Member of the Third Special Council of Lower Canada
- In office April 1840 – 10 February 1841
- Governor-General: Charles Poulett Thomson

Member of the Legislative Assembly for Lower Canada
- In office 7 November 1829 – 31 January 1833
- Constituency: Drummond

Personal details
- Born: 11 January 1786 Jersey, Channel Islands
- Died: 30 December 1843 (aged 57) Drummondville, Lower Canada
- Relations: Robert Nugent Watts (cousin)

Military service
- Allegiance: British Empire; Lower Canada;
- Branch/service: British Army
- Years of service: 1801–1843
- Rank: Major general
- Unit: 49th Regiment of Foot; Canadian Voltigeurs (1813–1815);
- Battles/wars: War of 1812Second Battle of Sacket's Harbor; Battle of Crysler's Farm; Lower Canada Rebellion

= Frederick Heriot =

Canadian politician

Frederick George Heriot (11 January 1786 - 30 December 1843) was a British army officer, who fought in the War of 1812 and subsequently became a landowner and administrator in Canada.

==Biography==

Of mixed Scottish and Irish ancestry, he was born on the island of Jersey in the Channel Islands, the son of an army surgeon. He entered the army in 1801 as Ensign in the 49th Regiment of Foot (whose commanding officer was the then Lieutenant Colonel Isaac Brock). Heriot went with the 49th to Canada the following year, and served there for the remainder of his military career.

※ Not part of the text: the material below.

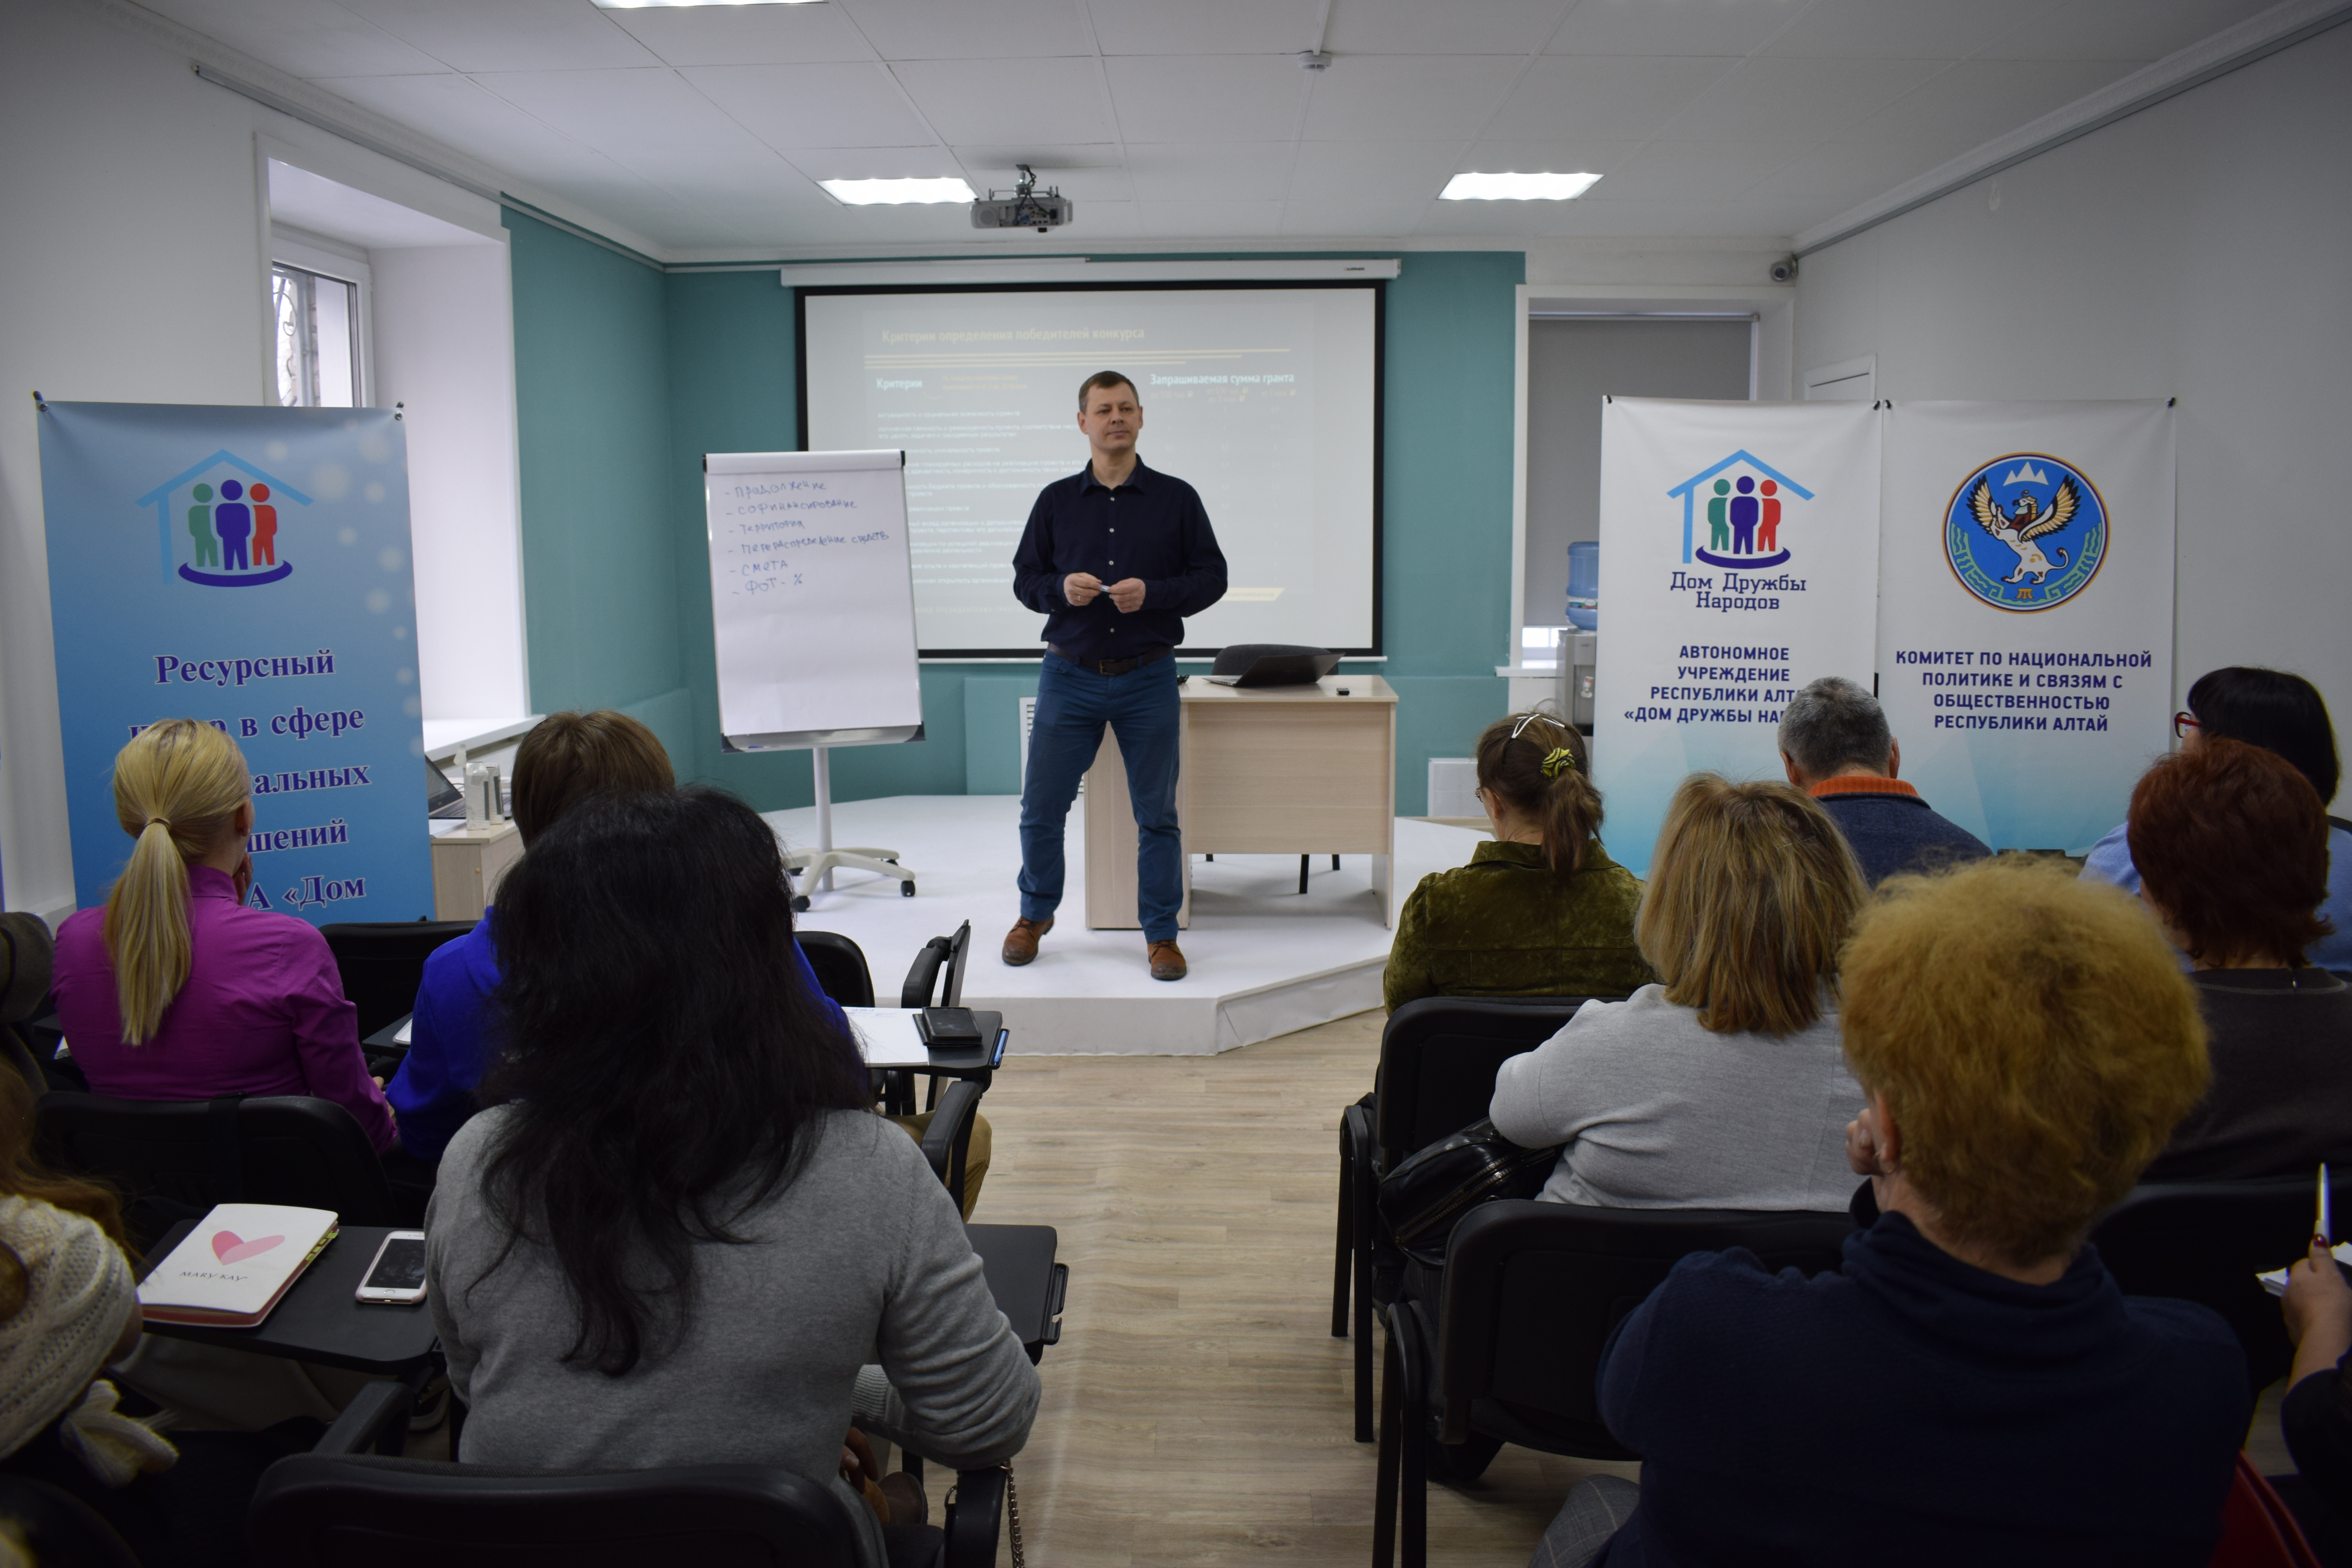 Практический семинар по проектной деятельности для НКО состоялся в Горно-Алтайске

When war broke out with the United States, he was appointed second in command of the Canadian Voltigeurs with the acting rank of Major. He commanded a detachment of Voltigeurs at Kingston, Ontario during 1813 and was present at the Battle of Sackett's Harbor and the Battle of Crysler's Farm, where he played a prominent part.

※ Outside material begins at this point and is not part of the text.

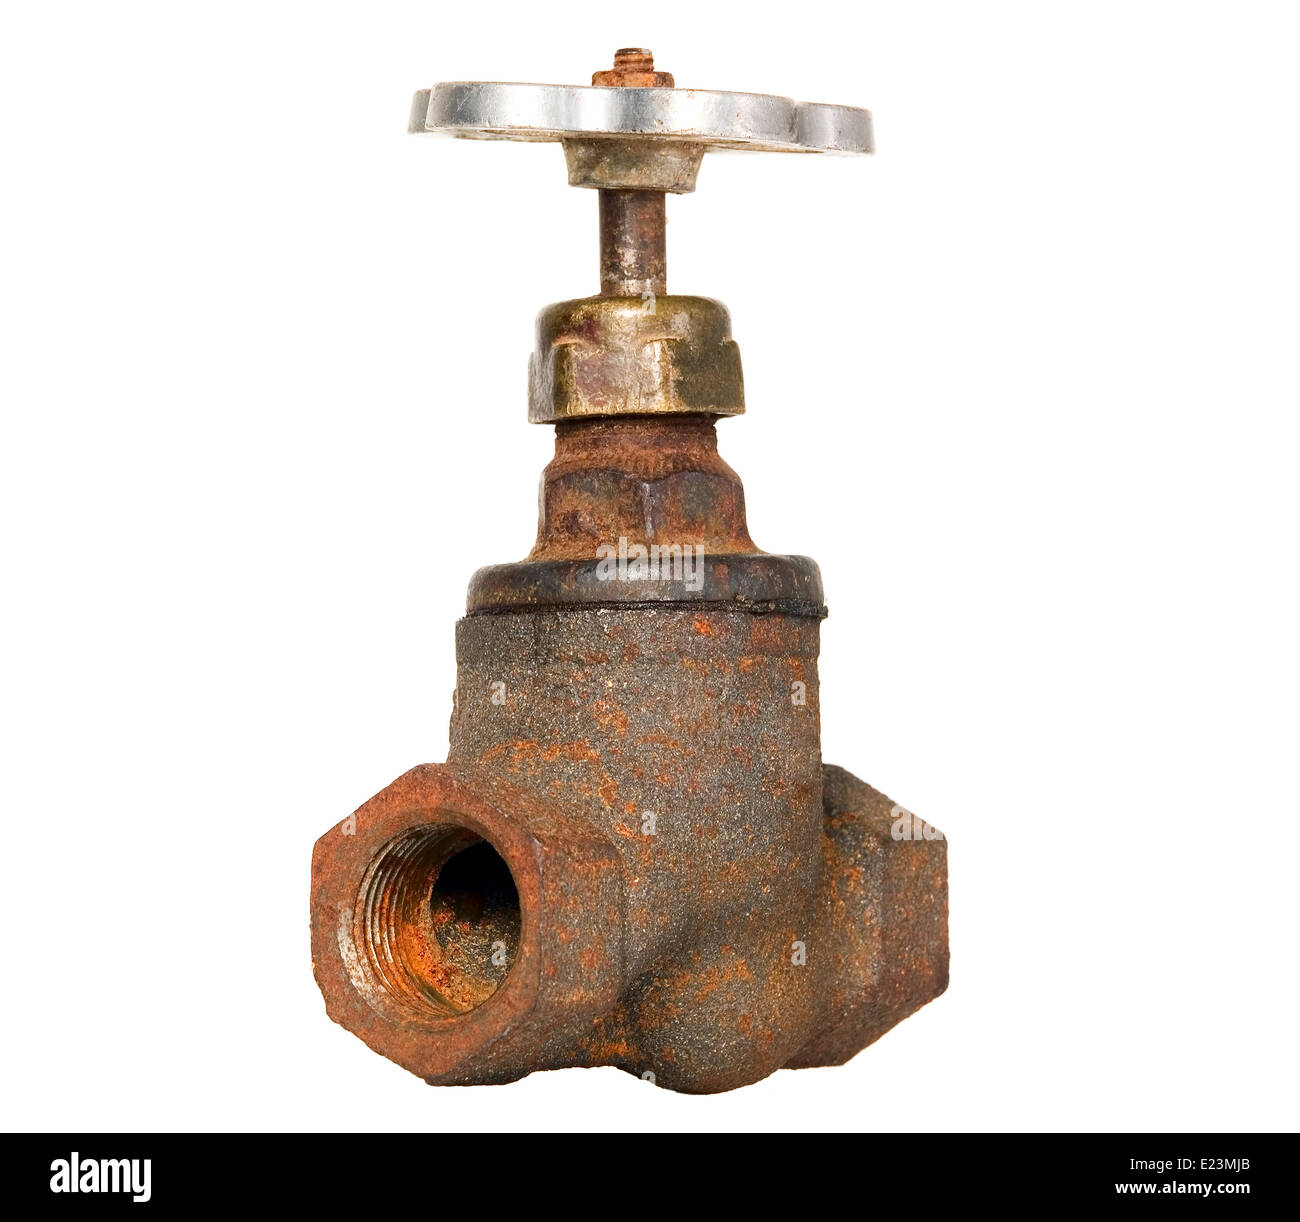 Old rusty brown tuyau avec grue, outil de plomberie industrielle Banque D'Images

The following year, he became an acting commanding officer with the rank of lieutenant-colonel of the Voltigeurs in 1814. He remained in this post until the end of the war.

After the war, he resigned from the army and instead became the Administrator for the settlement of discharged soldiers in the valley of the Saint-François River in Lower Canada, which would become Drummondville, Quebec. Heriot was named a Companion in the Order of the Bath in 1822. He was appointed aide-de-camp to the governor in 1826. He was elected Member of the Legislative Assembly for the community in 1829 and 1830, before resigning in 1833. He also served as a member of the Special Council that governed Lower Canada after the Lower Canada Rebellion. He was promoted to the rank of Major General in the militia in 1841.

He died at Comfort Hall in Drummondville on 30 December 1843 from typhoid fever, aged 57.